Auch die zweite prämierte Arbeit befasst sich mit der genetischen Instabilität, die Tumorzellen häufig aufweisen. Eingereicht wurde sie von Dr. Jakob Nikolas Kather, der eine Arbeitsgruppe an der Medizinischen Klinik III der Uniklinik RWTH Aachen leitet. In seiner Pilotstudie zur Anwendung künstlicher Intelligenz in der Tumordiagnostik untersuchte Kather, inwieweit sich eine Mikrosatelliten-Instabilität auch ohne aufwändige genetische Untersuchung, allein aufgrund histologischer Präparate feststellen lässt. Bei einer solchen Mikrosatelliten-Instabilität kommt es zu Längenveränderungen innerhalb kurzer, repetitiver DNA-Sequenzen als Folge defekter DNA-Reparatur.
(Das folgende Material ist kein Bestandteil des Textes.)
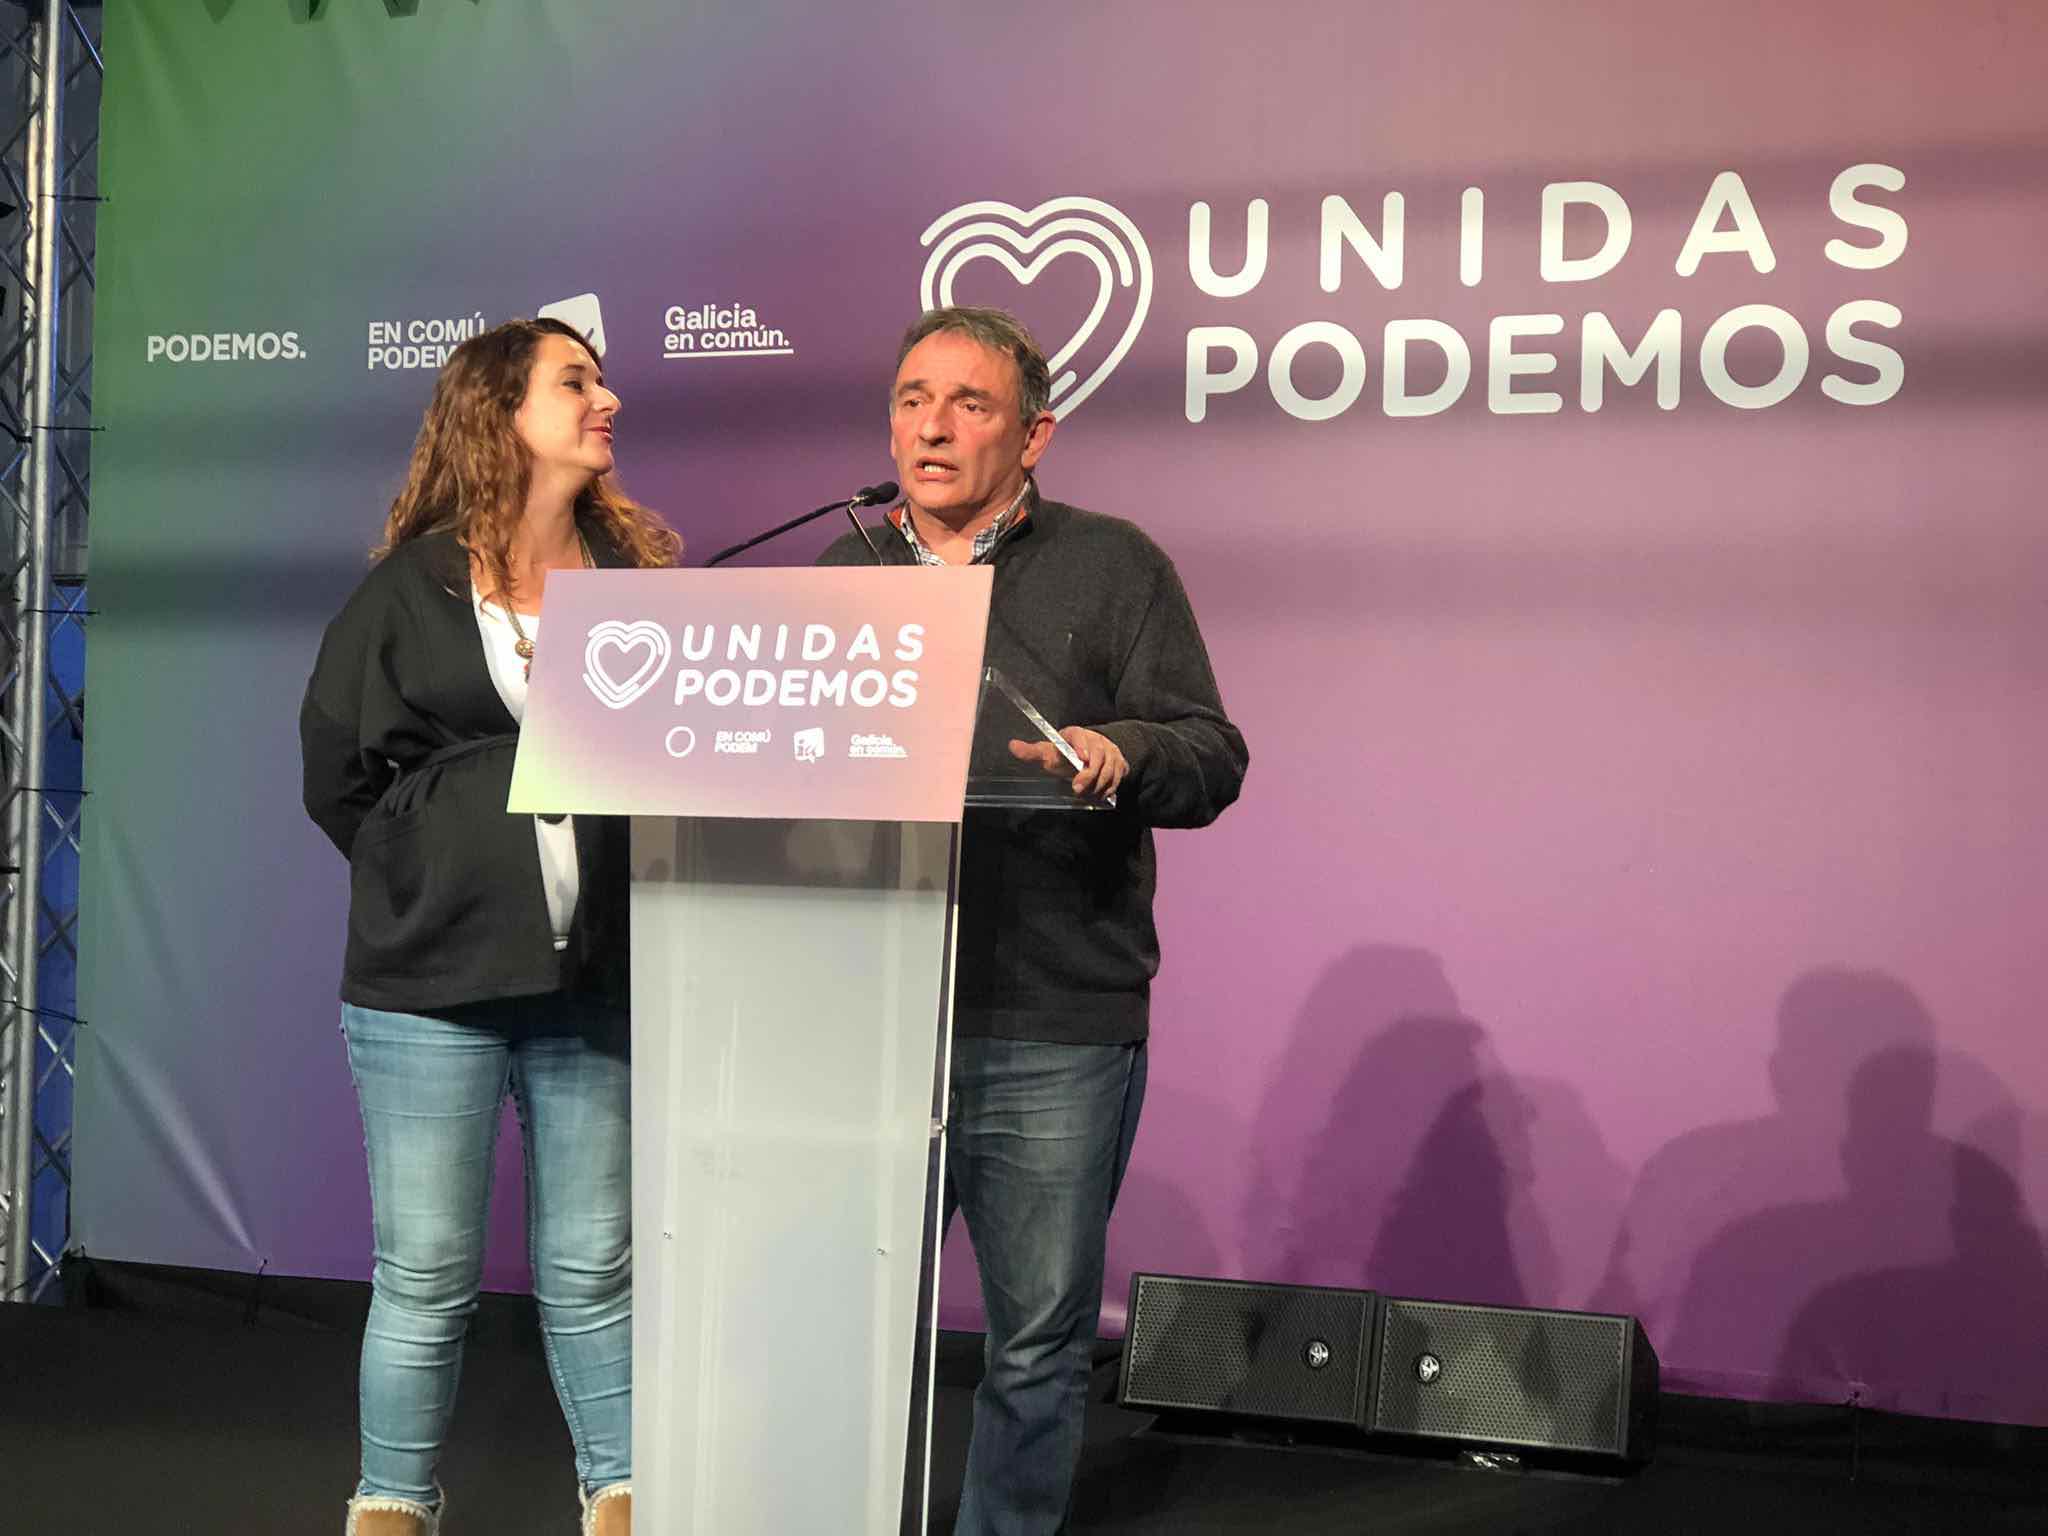 Enrique Santiago enchufa a sus fieles en las instituciones y se convierte en jefe en la sombra de Podemos

Hierfür trainierte er ein auf Deep Learning basierendes KI-System darauf, Tumorproben mit Mikrosatelliten-Instabilität von solchen ohne dieses Merkmal zu unterscheiden. Für seine Studie verwendete Kather Proben von Tumoren des Magen-Darm-Traktes – denn bei diesen Krebsarten entscheidet das Vorhandensein einer Mikrosatelliten-Instabilität in besonderem Maße darüber, ob die betreffenden Patienten von einer Immuntherapie profitieren. Die genetische Untersuchung auf diesen Tumormarker ist jedoch aufwändig und wird außerhalb spezialisierter Zentren nicht immer vorgenommen. Für die von Kather entwickelte KI-Anwendung werden dagegen ausschließlich Gewebeproben benötigt, die für die histologische Untersuchung ohnehin angefertigt werden. Mit der Methode verknüpft sich daher die Hoffnung, Patienten mit gastrointestinalen Tumoren künftig besser und zielgerichteter behandeln zu können. „In seiner Arbeit zeigt Dr. Kather auf beeindruckende Weise, wie die Zukunftstechnologie des Deep Learning auch für diese spezielle Fragestellung der Krebsdiagnostik eingesetzt werden kann“, so Floege. Sollten sich die Ergebnisse der Pilotstudie in der klinischen Praxis bestätigen, stünde eine einfache und kostengünstige Methode zu Verfügung, um mehr Menschen zu einer individualisierten Therapie zu verhelfen.